コア&サブブランド クリエイティブデザイン シニア・マネージャー 

戸所由美子さん(後編)

 

「女性の悩みをすべて解決した“究極のブラ”を作りたい」

その気持ちは、今も23年前も同じです

 

ランジェリー界で活躍する方々のルーツ、ポリシー、そして夢を語って頂く、「Lingerie Talk @ Lingerie Press」。今回はトリンプ・インターナショナル・ジャパン(以下、トリンプ)で『天使のブラ』『フロラーレ バイ トリンプ』『エッセンス バイ トリンプ』など主力ブランドのものづくりを統括する戸所由美子さんに登場していただきます。『天使のブラ』が誕生した経緯、そしてグローバルブランドとして、ヨーロッパやアジア諸国との連携はどのようにとられているのか、さまざまなお話を伺いました。

1年で終わると思っていたのが
年間197万枚売る大ヒット商品に

 

川原好恵(以下、川原):今や『天使のブラ』はトリンプを代表する商品となりましたが、どのようにして誕生したのですか?

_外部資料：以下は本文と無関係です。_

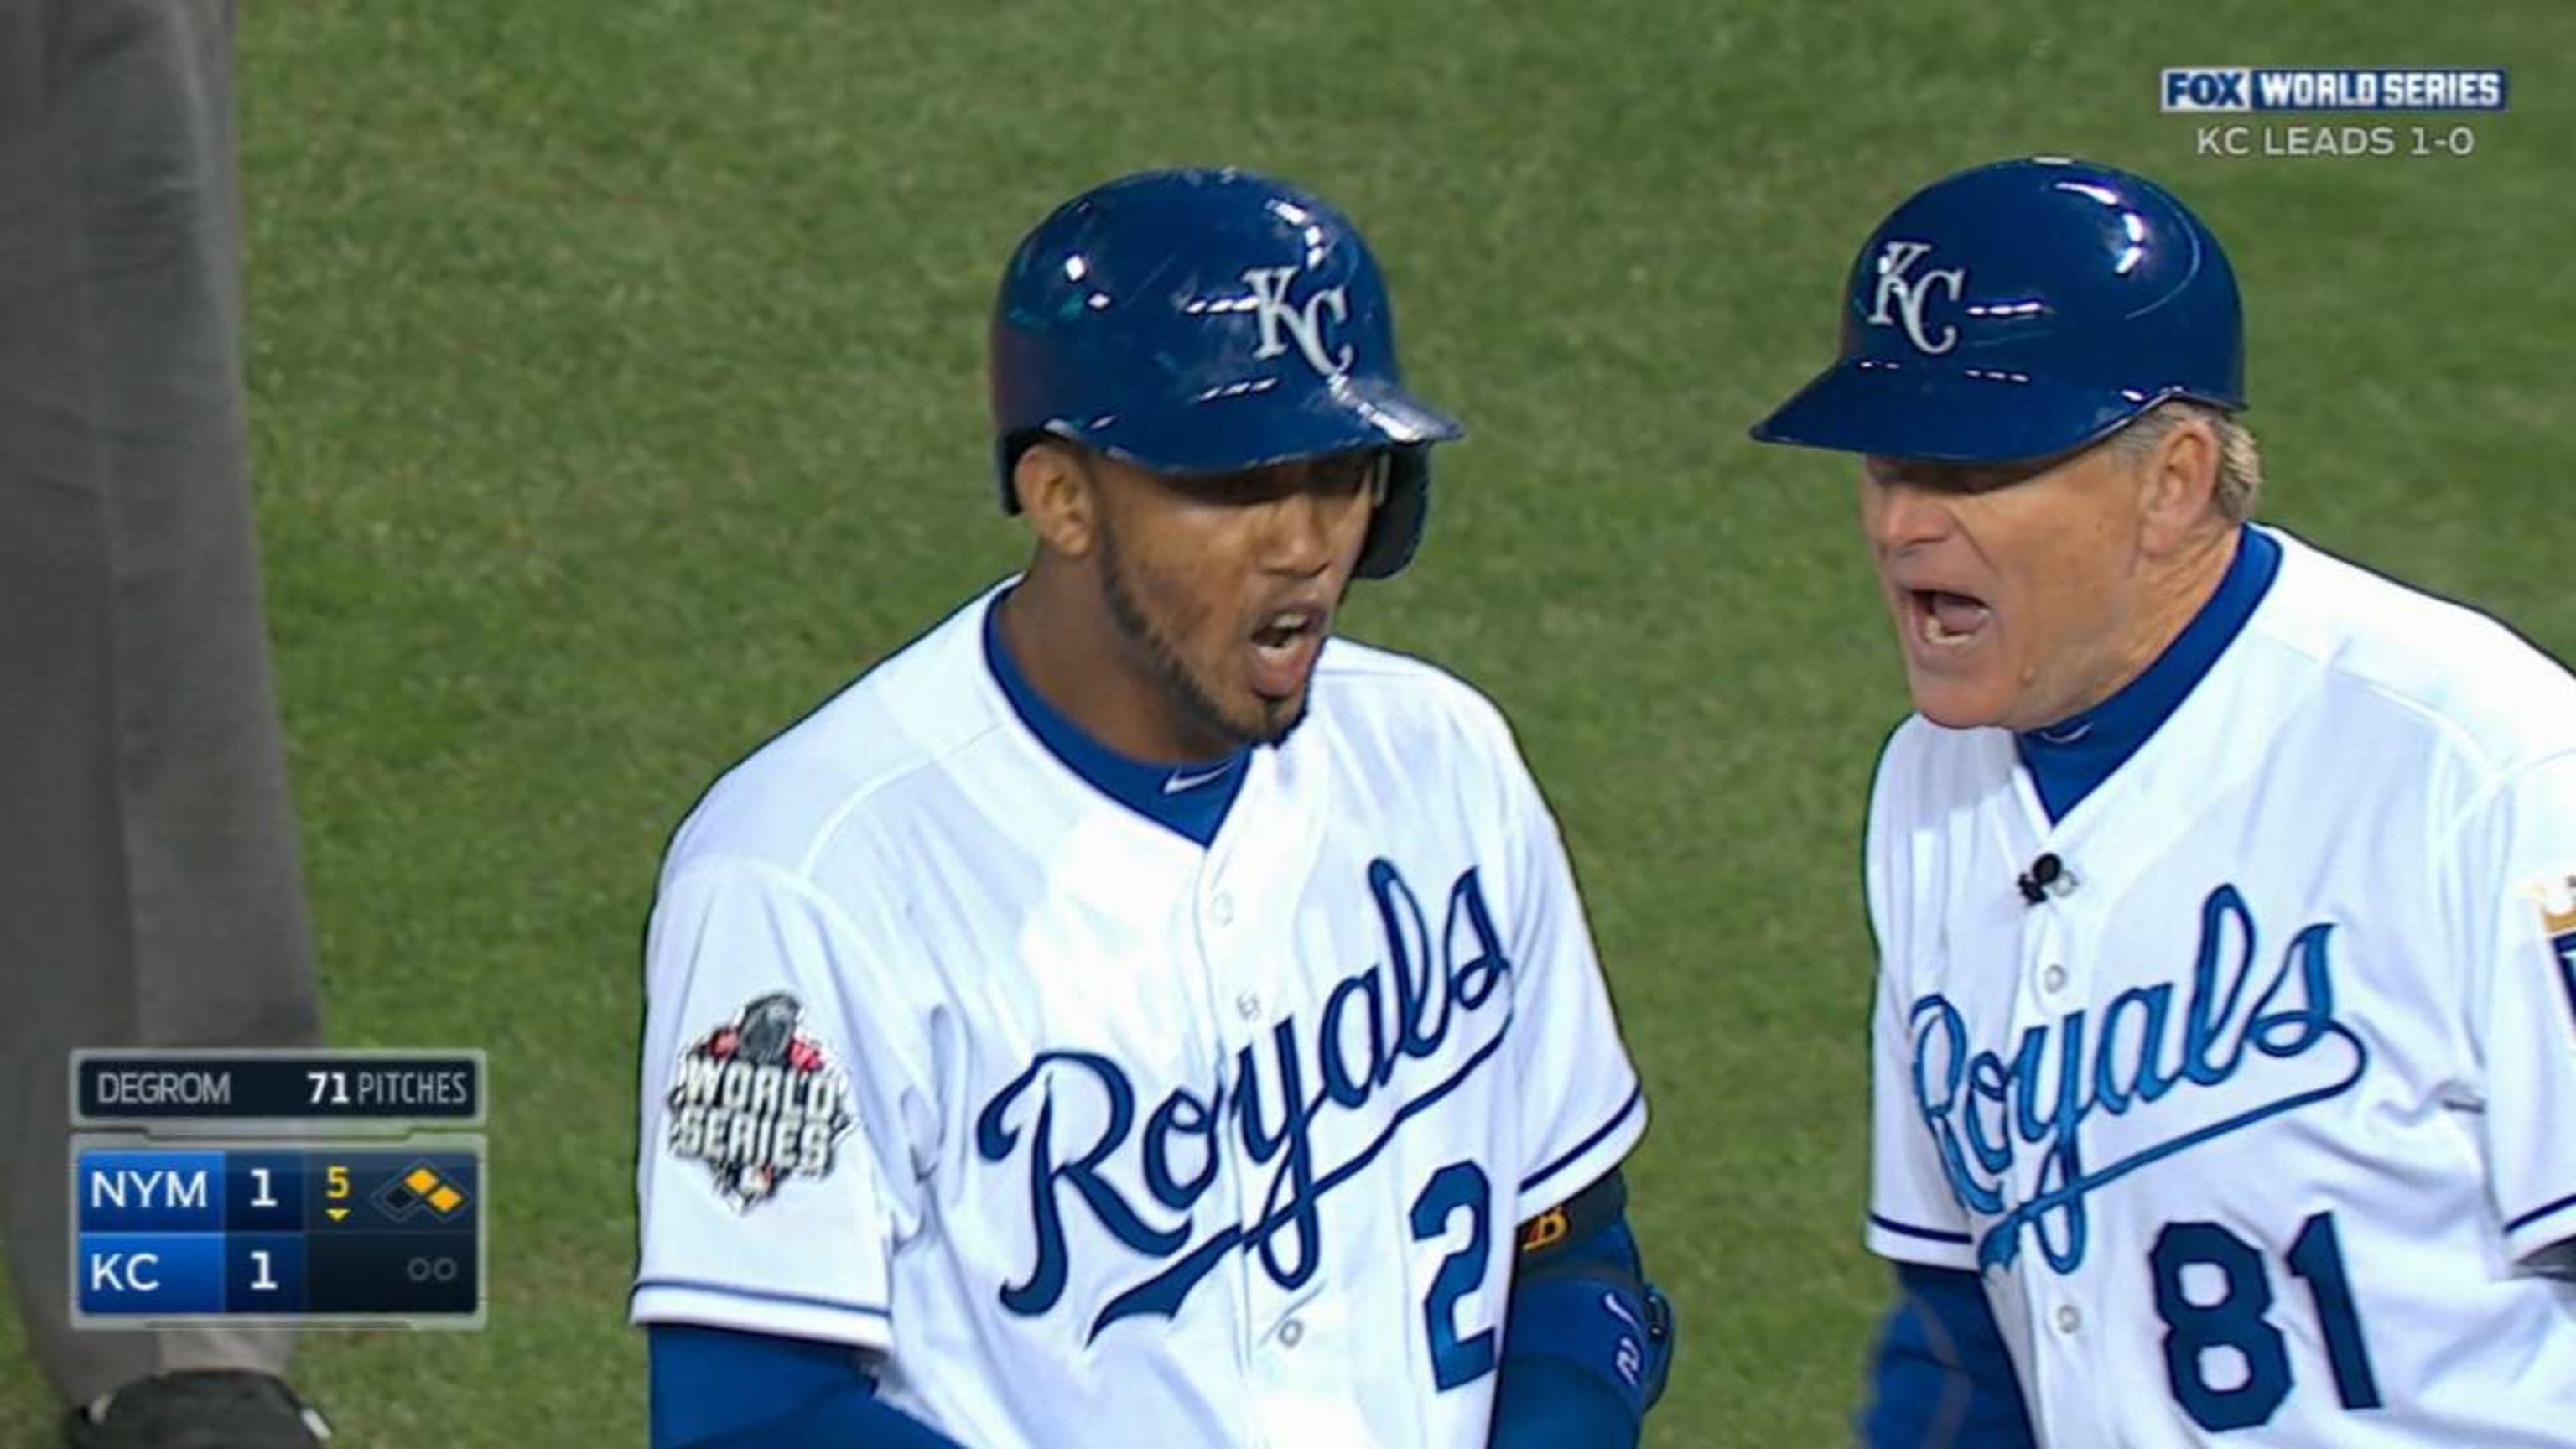 Royals finish off Mets to win World Series

戸所真由美シニア・マネージャー(以下、戸所):『天使のブラ』は1994年に誕生したのですが、実はその前身となる『優子』という商品があって、それが1992年に発売されました。とてもソフトで肌触りが良いツーウェイのマイクロファイバーが出て、それをブラジャーに使いたいと思ったのがきっかけです。『優子』はワイヤーが当たって痛いという声に応えた、とても優しい着け心地のブラジャーでした。

川原:『天使のブラ』は谷間メイクブラの代名詞的な存在ですが、デビューのときからそのコンセプトだったんですか?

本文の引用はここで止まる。